If `pretty = FALSE`, a list with summary stats. If TRUE, prints formatted output and invisibly returns the list.


Method weight_summary()

Print weight distribution diagnostics.

Usage

TTEEnrollment$weight_summary()


Method table1()

Generate baseline characteristics table. Wraps [tableone::CreateTableOne()] or [tableone::svyCreateTableOne()].

Usage

TTEEnrollment$table1(ipw_col = NULL)

Arguments

ipw_col

Character or NULL. If specified, creates weighted table.

Returns

A tableone object.


Method rates()

Calculate events, person-years, and rates by exposure group.

Usage

TTEEnrollment$rates(weight_col)

Arguments

weight_col

Character, required. Column name for weights.

Returns

A data.table with events, person-years, and rates.


Method irr()

Fit weighted Poisson regression and extract incidence rate ratios.

Uses `survey::svyglm()` with `quasipoisson` family and person-level clustering (`ids = ~person_id_var`) for robust standard errors. This accounts for within-person correlation across repeated trial entries (Hernan 2008, Danaei 2013).

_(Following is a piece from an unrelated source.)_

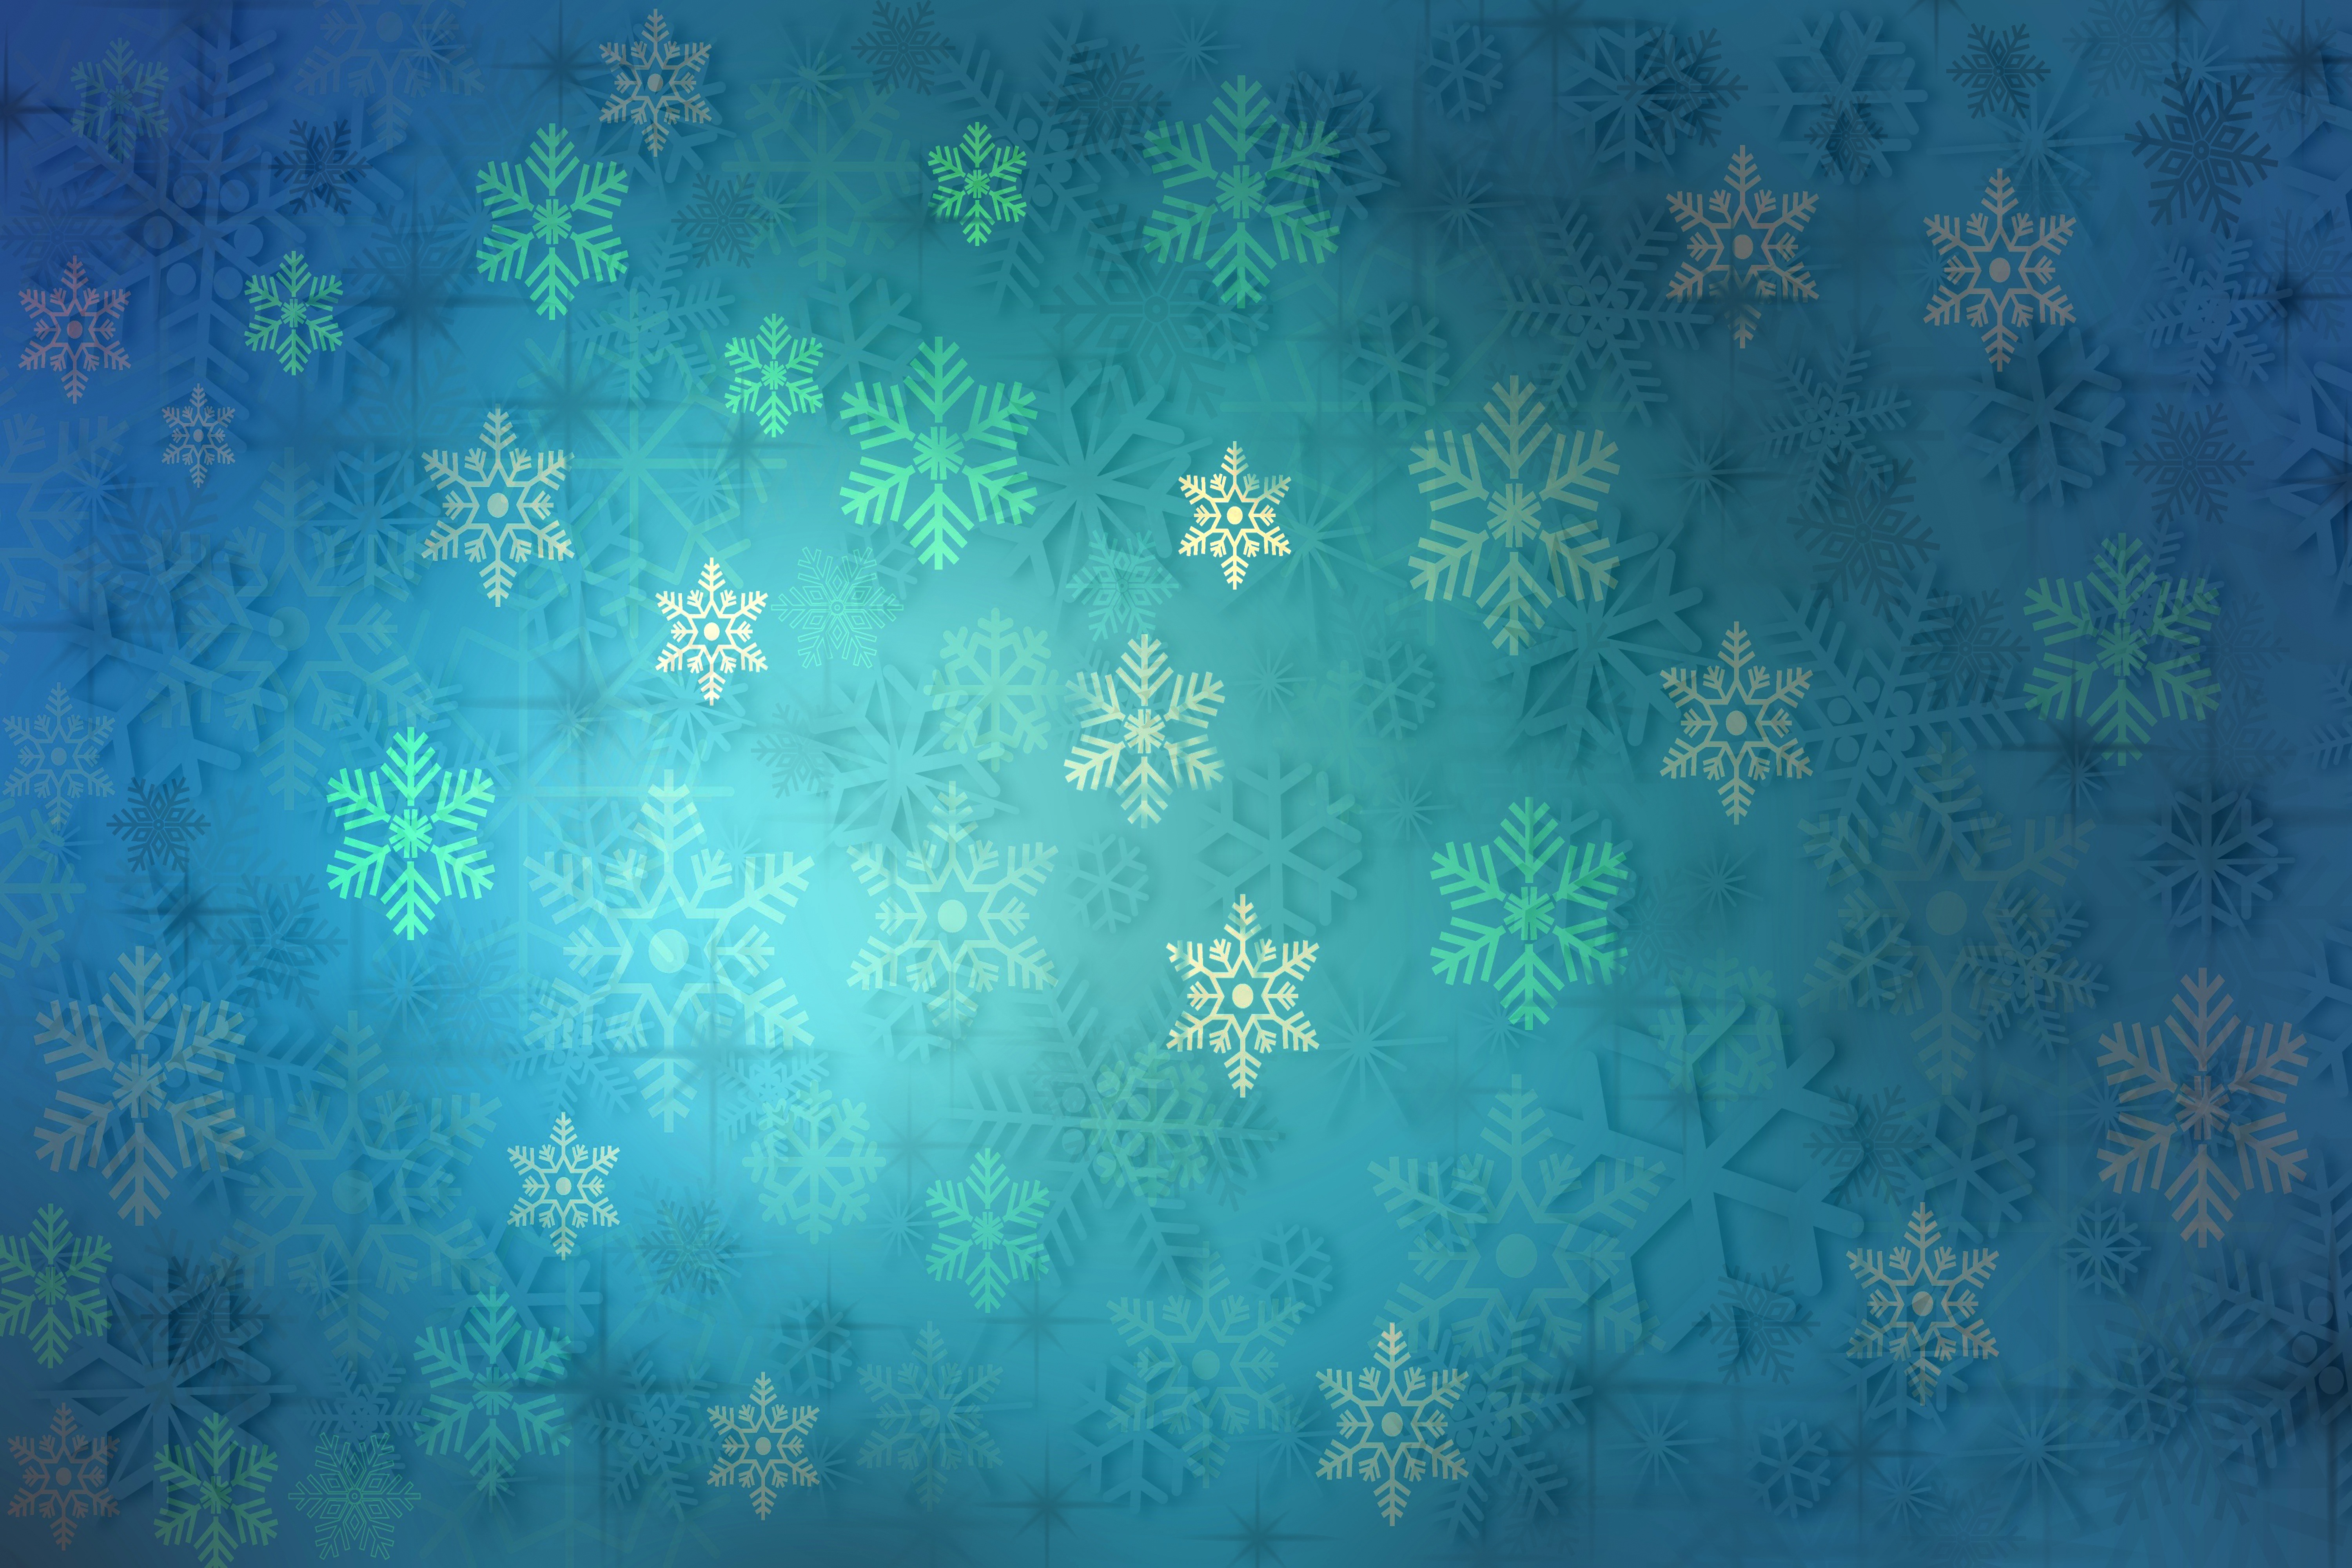 texture, pattern, snowflakes, new year, textures, christmas, blue, holiday cellphone

**IRR vs HR**: For rare events (typical in registry-based TTE studies), the incidence rate ratio from Poisson regression approximates the hazard ratio from Cox regression (Thompson 1977). The Poisson model with `splines::ns(tstop, df=3)` flexibly models the baseline event rate over follow-up time — analogous to Cox's nonparametric baseline hazard and to Danaei et al.'s "month of follow-up and its squared terms" in pooled logistic regression.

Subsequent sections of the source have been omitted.